1) Effort still correlates with outcomes, it's just that there is some random noise in the signal. Maybe moreso in these noisy times.

2) DID any of what she did matter? If she enjoyed it or found it meaningful, then yes. If it was just being "sensible" a.k.a. grinding and bald careerism, then no, even if she weren't laid off.

3) She's young. My first layoff, I took it hard too. By the third or fourth one, I would laugh and look forward to a small vacation of coasting on unemployment.

4) Ordinarily a post-college-age kid with a job is living on her own and you wouldn't have access to her crying moments. And another primary emotion alongside despair would be anxiety about making rent. It's painful to watch your kids suffer, but suffer they will and suffer they must.

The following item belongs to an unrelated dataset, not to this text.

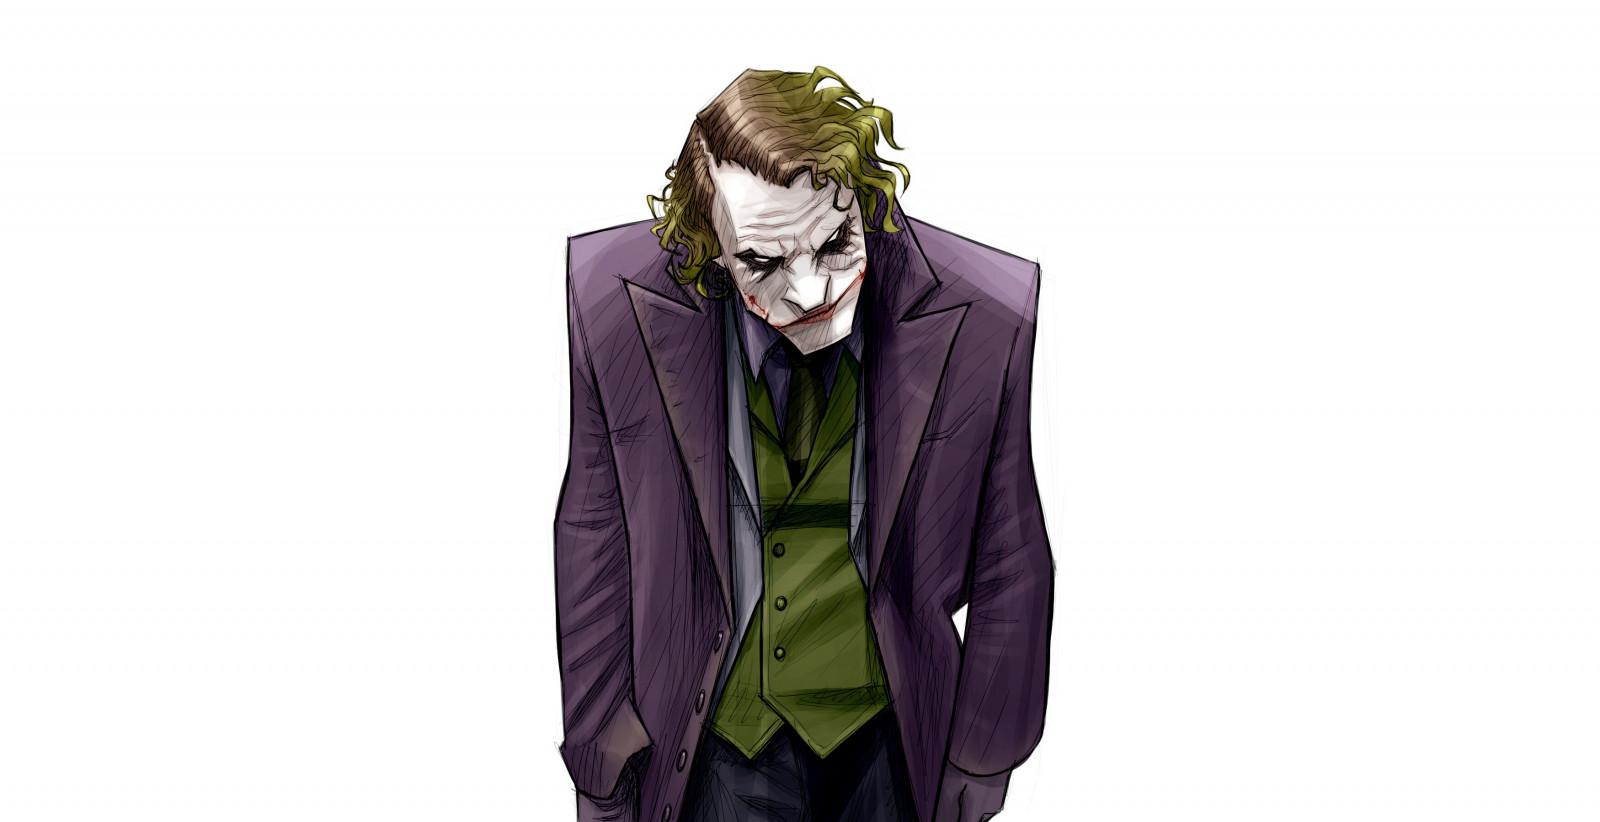 Wallpaper : Joker, artwork, simple background, white ...

5) Continuing from point 2, does she have a meaningful hobby? She needs to start one. If only to provide a break from the unhealthy amount of grinding she sounds like she's doing. Try music, a lot of engineers are good at music. I'm good enough at it that I was once able to support myself on it, and now see my day job as something I can leave, something I tolerate but am too good for. My genius is not defined by it. It's only work.

6) Celebrate Christmas the way all half-assed unprepared people do: Big feast at the Chinese restaurant tonight. Or Thai, I guess is the new Chinese. Pretending everything is okay? Who fucking died? Everything IS okay. A little perspective would go a long way and you're the one who needs to provide it.